Preacher and writer Dr Vance Havner once said that most religious movements begin with a man, then the movement becomes a machine, and finally it turns into a monument.

It’s sadly a very true statement. Thinking of my own background in the Methodist denomination, John Wesley in the 18th century was a whirlwind of a man, a great organiser who set in train the mighty movement known as Methodism. Marshalled into Conference, districts, circuits, preaching places, classes, bands, its following soared. There was even talk of the country being on the verge of going Methodist.

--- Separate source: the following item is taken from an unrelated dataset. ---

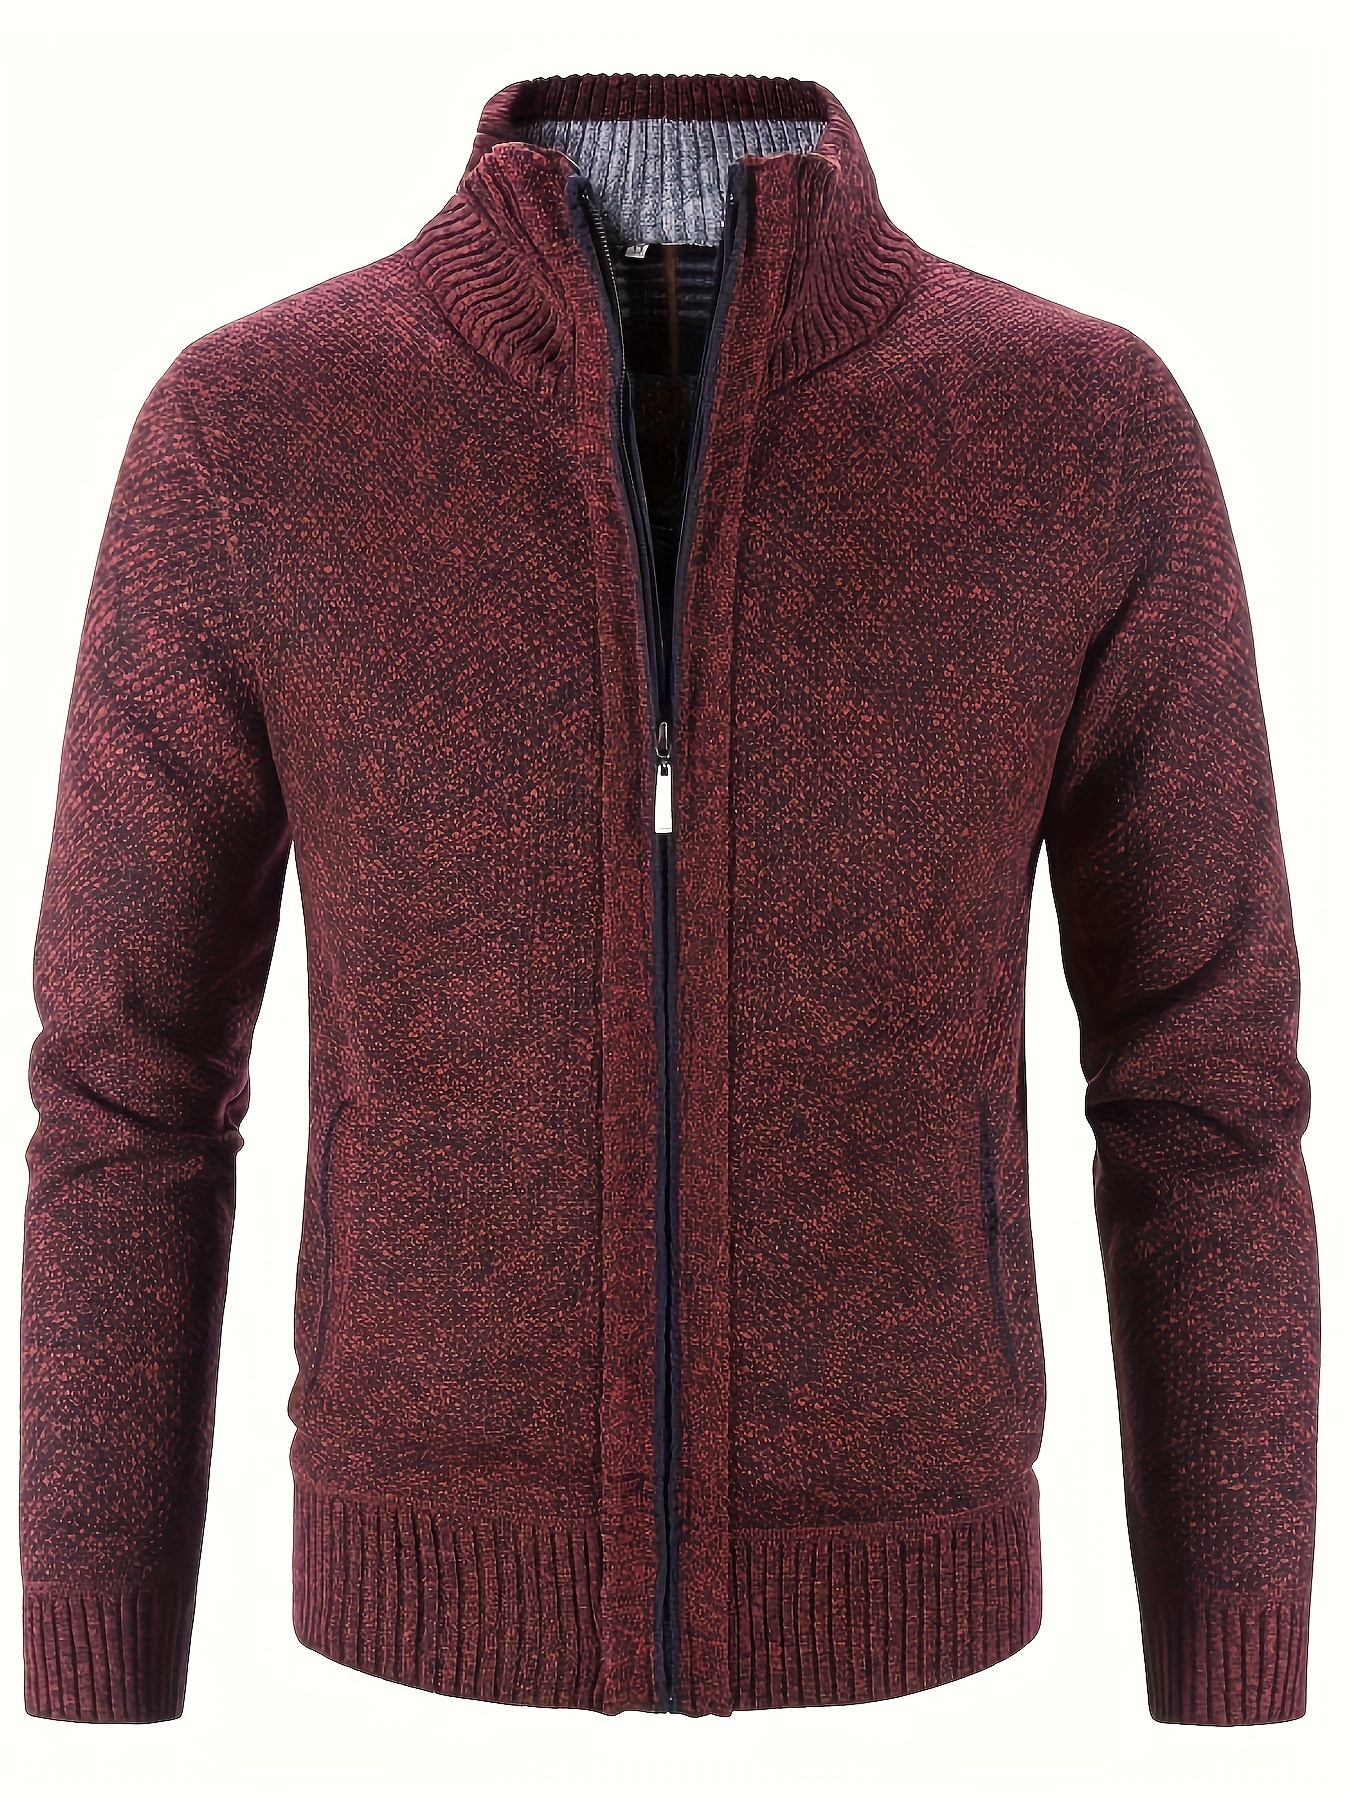 Cárdigan de lana para hombre con cremallera, suéter de punto de lana gruesa  casual de manga larga con bolsillos
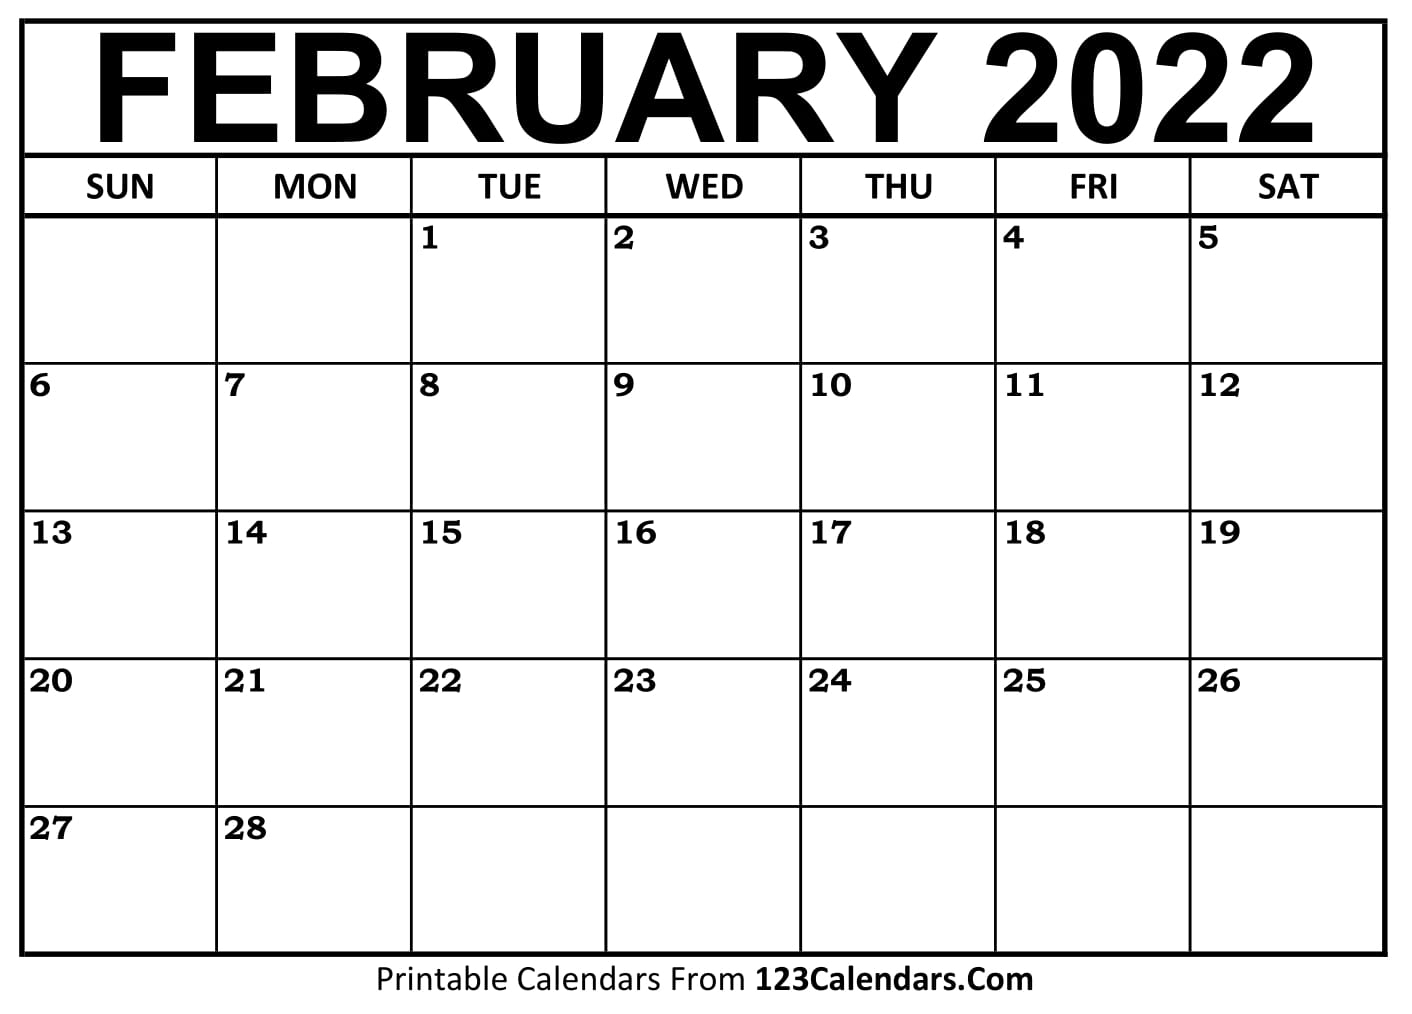 February 2022 Calendar Printable 123Calendars - 2023

Then the pioneer movement somehow became solidified into one of the big denominations of the 19th century. It gave birth to a multitude of organisations and programmes. Everything meshed together and ticked over like a well-oiled mechanism. It had become a machine.

As the 20th century wore on, the sense grew that Methodism could no longer meet the needs and fire the imaginations of the people. Its movers and shakers began to hark back to the past. Places where Wesley did this or that were turned into stops on a heritage trail. A musical – “Ride! Ride!” – was written to celebrate the memory of the great man’s prodigious evangelistic travels. The machine was slowly but surely turning into a monument.

I moved into independency in 1998 and am hopeful that Evangelical independency remains a dynamic movement. Churches co-operating, but each standing free under God – that has ongoing appeal to me as a good way of doing and being church. But the same danger lurks.

It may be hard to identify the point where movement turns into machine and then monument. Yet it should be clear to those with discernment. When a church’s programme simply perpetuates itself year after year without question, or fond memories of the glorious past loom larger than hopes for the future, watch out.

A church may need to take a critical magnifying glass to much of what it has become, which is a painful process. Yet if the ideal of the movement is recovered, if Jesus Christ becomes real for people again, if people are once again helped and blessed, it is worth while.

John the Revelation-writer had to warn even the great church at Ephesus, “Yet I hold this against you: you have forsaken the love you had at first. Consider how far you have fallen! Repent and do the things you did at first. If you do not repent, I will come to you and remove your lampstand from its place” (Revelation 2:4-5 NIV).